It is also instructive to see that the anti-reflection coating 40 by itself on the high E cell 20, represented by the trace 52 in FIG. 2 (i.e., with no back surface reflector 42 or dielectric spacer 44), is virtually congruent with the trace 50 in wavelengths shorter than 870 nm, whereas the reflectance of the subcells 22, 24 alone, represented by the trace 54 (i.e., without the anti-reflection coating 40, back surface reflector 42, or dielectric spacer 44), is substantially higher than the reflectance of the high E cell 20 with the anti-reflection coating 40. This distinction indicates that the anti-reflection coating used for the dual purpose optical coating 40, which is designed and modeled with the subcells 22, 24 for maximizing transmittance and minimizing reflectance of those shorter wavelengths into the high E cell 20, is primarily responsible for the almost unity, i.e., 100 percent, transmission of incident light wavelengths shorter than about 870 nm into the high E cell 20.

However, in wavelengths longer than 870 nm, the reflectance of the anti-reflection coating 40 alone on the high E cell 20 (i.e., without the BSR 42 and dielectric spacer 44), represented by the trace 52, increases substantially, which shows that it does reflect a significant proportion, approximately 30 to 40 percent on average in this example, of the light L that is longer wavelength than 870 nm.

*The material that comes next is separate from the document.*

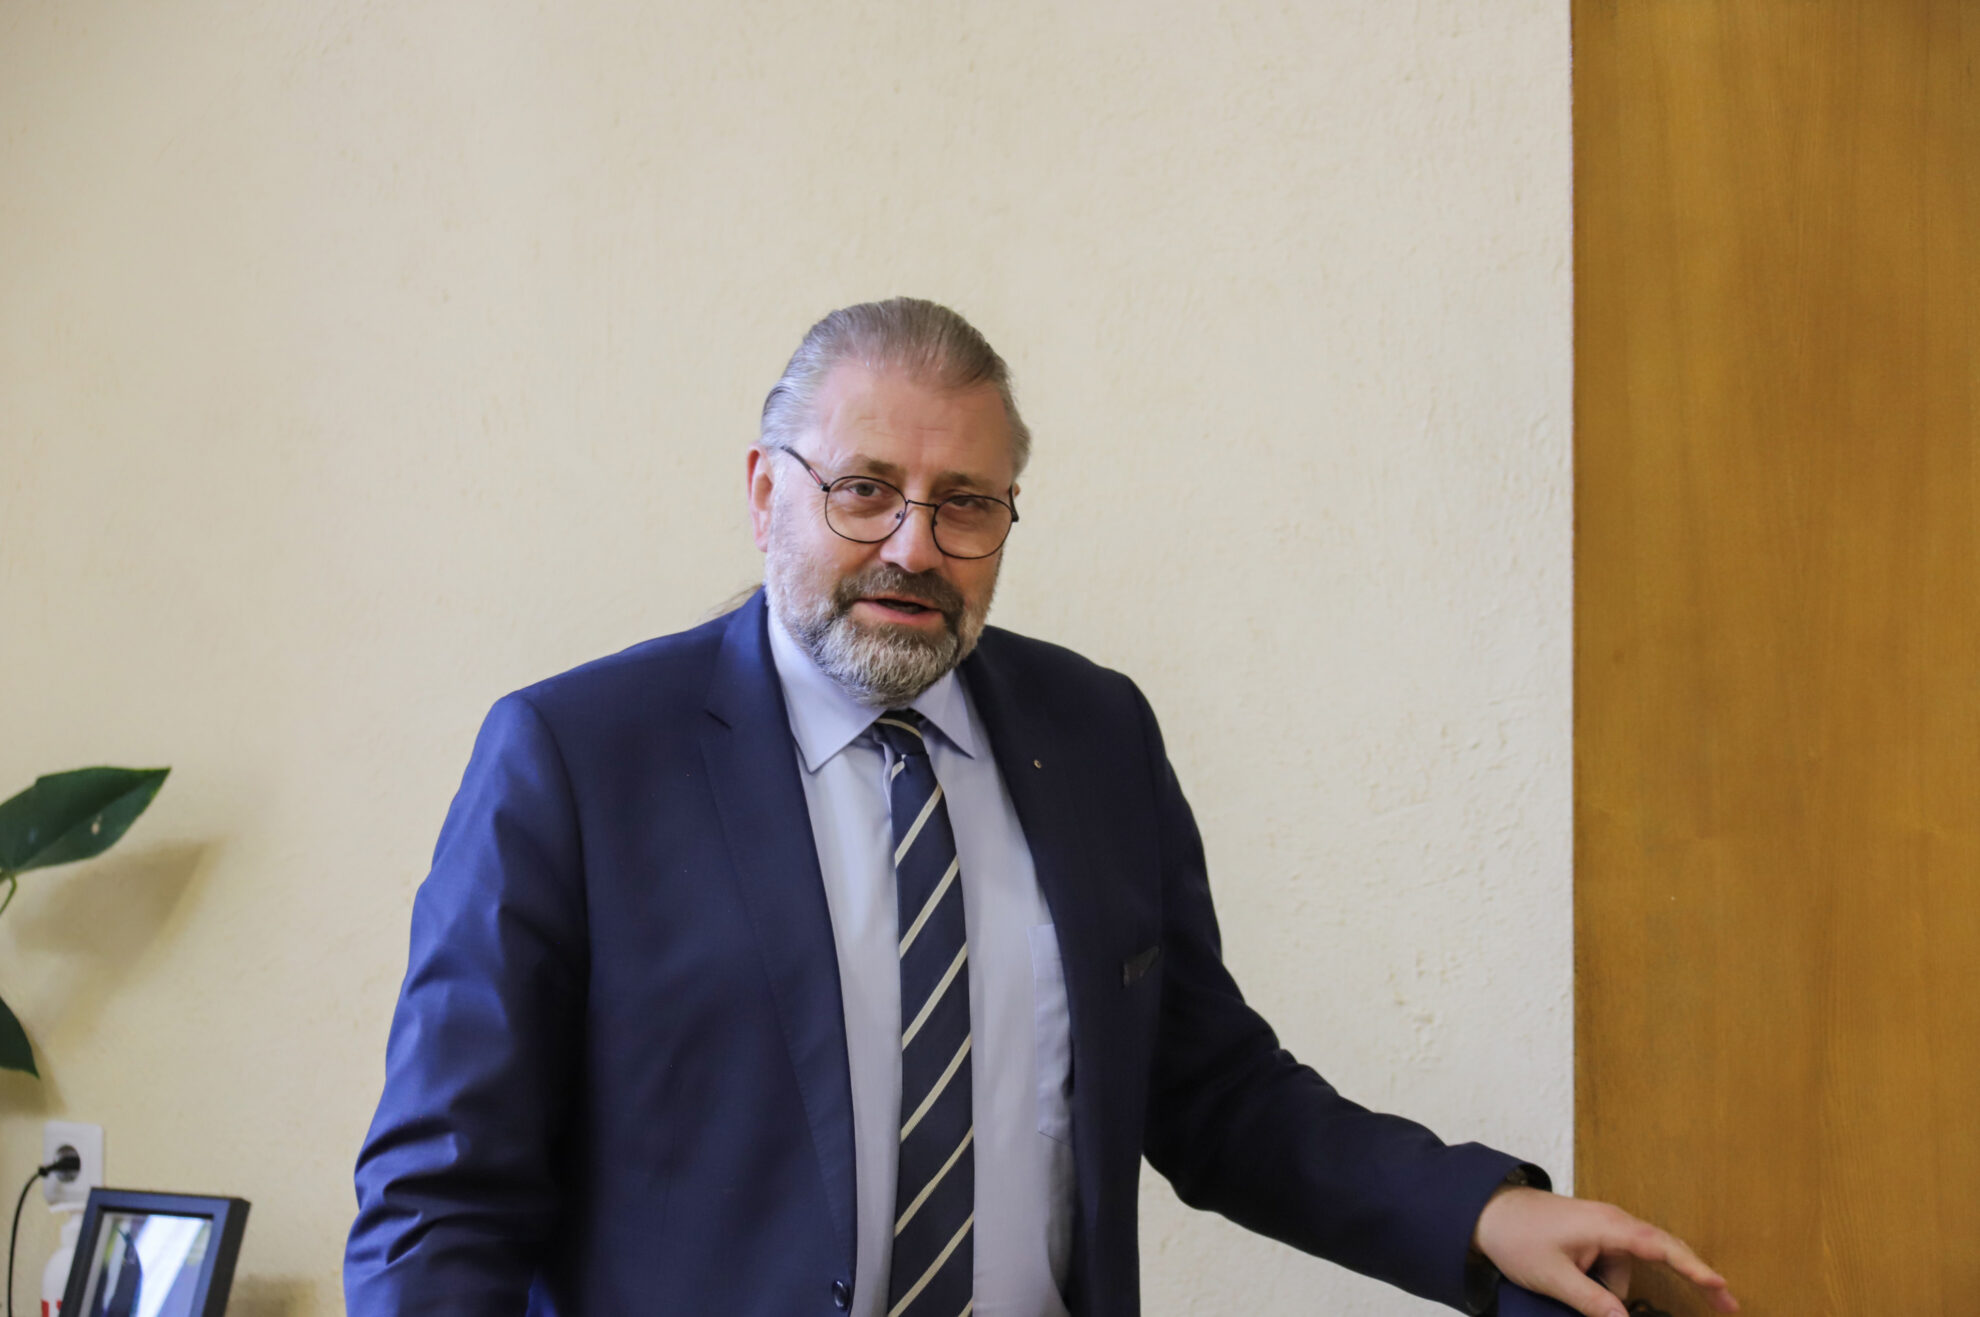 Panevėžio miesto meras Rytis Račkauskas penktadienį vienbalsiai išrinktas Regiono plėtros tarybos kolegijos pirmininku. Juo pavaduotoju tapo Pasvalio rajono meras Gintautas Gegužinskas.

This amount of the longer wavelength light reflected at the surface 48 by the dual purpose optical coating 40 is significant because that reflected light never gets into or is exposed to the loss causalities in the high E cell 20, which include, but are not limited to, an abundance of free charge carriers (electrons and holes) in the subcells 22, 24, that may cause a certain amount of low energy absorption. Such absorption of light that is lower energy than the bandgap of the semiconductor material may cause that energy to be thermalized to heat. Therefore, the reflectance of at least some of the longer wavelength light L by the dual purpose optical coating 40 to the low E cell 30 avoids at least some of that energy from being absorbed in the high E cell 20 and dissipated as heat, thus reducing losses and adding a marginal increase in energy conversion efficiency that contributes along with other improvements to the overall efficiency and performance of the split spectrum converter assembly 10.

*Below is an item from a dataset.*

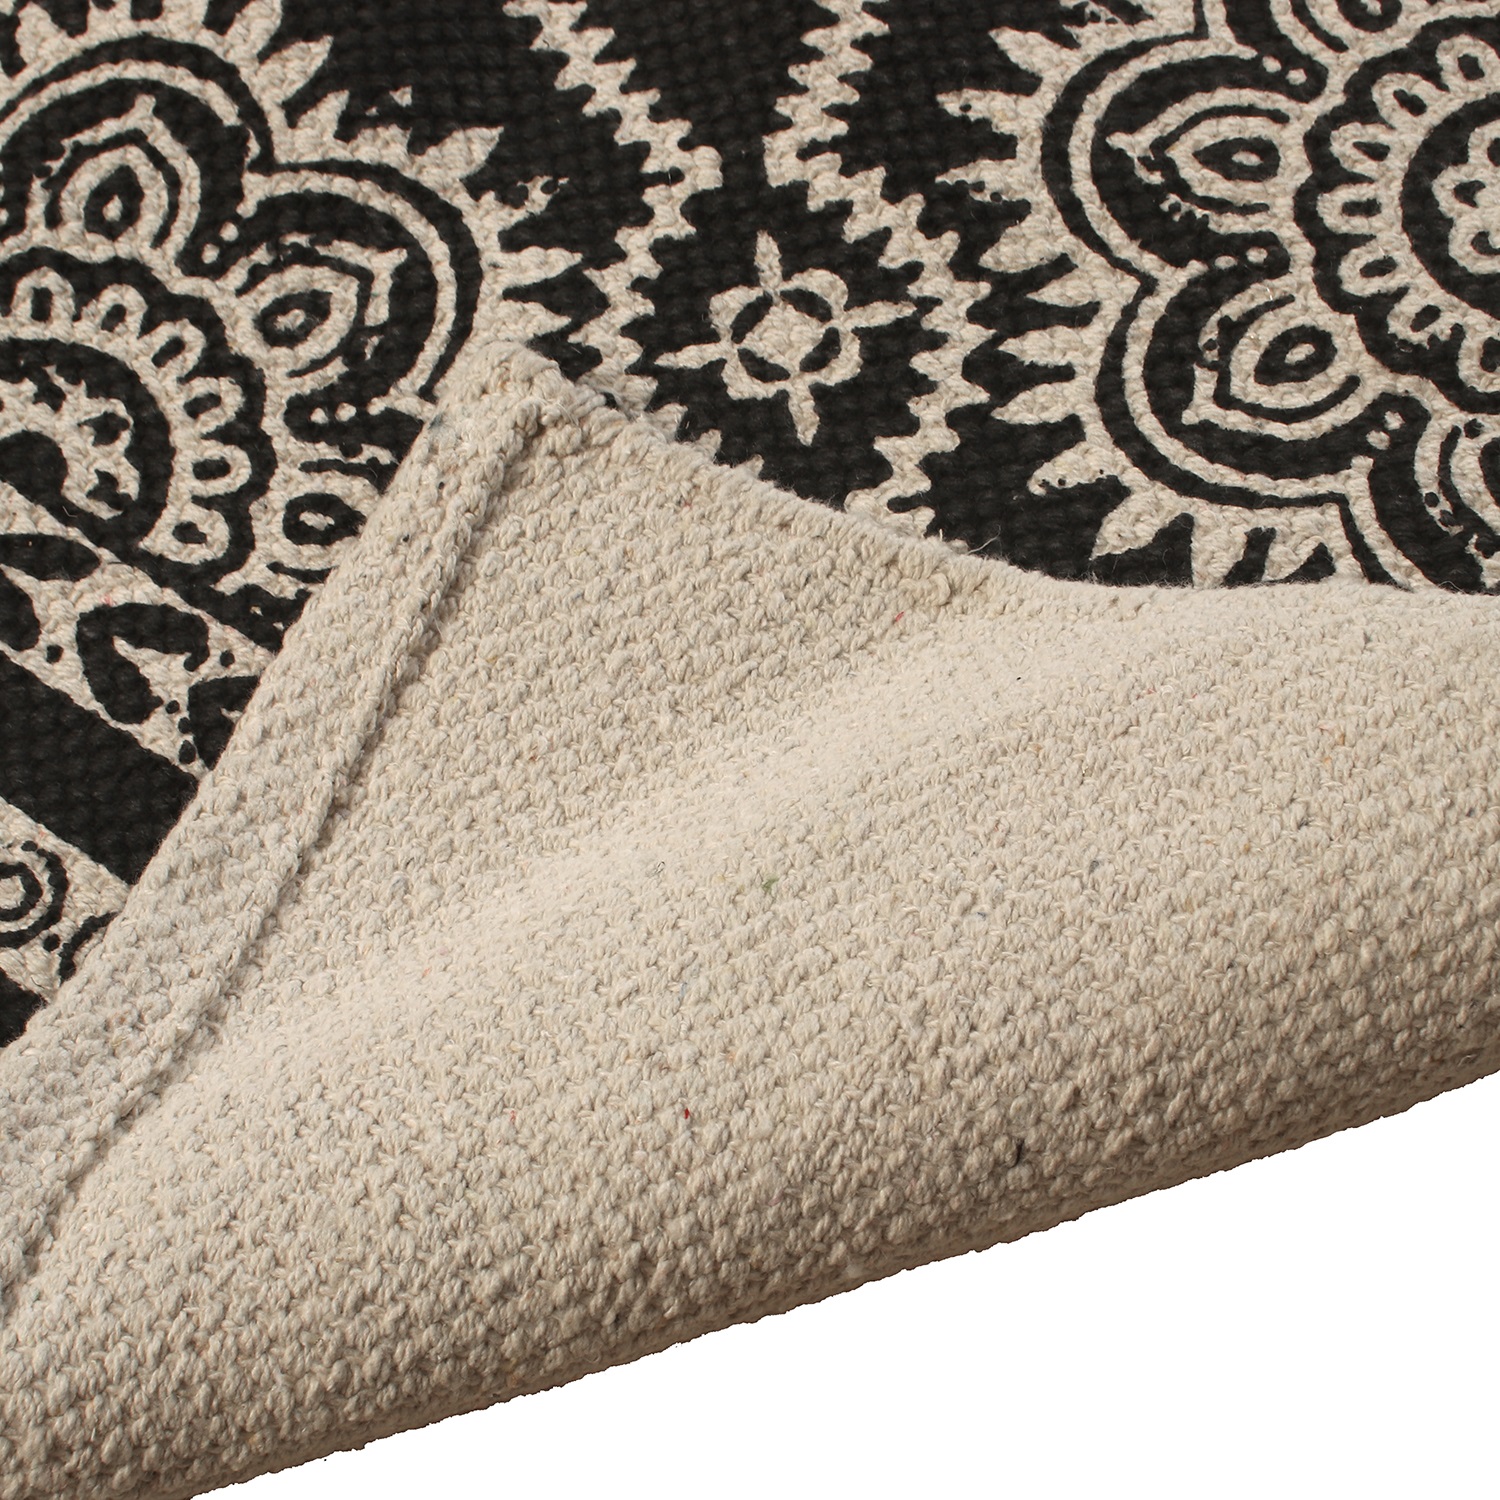 31849-alfombra-algodon-impresa-140x200cm-1.jpg

The oscillations in the trace 52 between maxima 52′ and minima 52″ in the longer wavelength light in FIG. 2, which begin immediately at the cut-off wavelength λ_g, are due to Fabry-Perot constructive and destructive interferences between the incident light that is not absorbed in the high E cell 20 and multiple reflections from the surfaces of the cell and interfaces with the subcells, which are damped to some extent by the ARC (serving as the dual purpose optical coating 40) as compared to the maxima 54′ and minima 54″ of the trace 54 that represents the high E cell 20 with no ARC or dual purpose optical coating. The trace 52 in FIG. 2 indicates that approximately 30 to 40 percent of the longer than 870 nm light is reflected by the ARC used as the dual purpose optical coating 40 in that example, which can be varied by ARC layer materials, thicknesses, and other design parameters. ARC modeling programs, for example, TF Calc™ available from Software Spectra, Inc., in Portland, Oreg., USA, or Film Wizard™ available from Scientific Computing International in Carlsbad, Calif., USA, can be used by persons skilled in the art to design dual purpose optical coatings for specific cell designs for split-spectrum photovoltaic converters, once they understand that the goal is to maximize transmission of higher energy light and to maximize reflection of lower energy light, but with the emphasis on maximizing transmittance of the high energy light, because the BSR 42 and dielectric spacer 44 in combination with the DPOC 40 effectively maximize reflectance of the low energy light L.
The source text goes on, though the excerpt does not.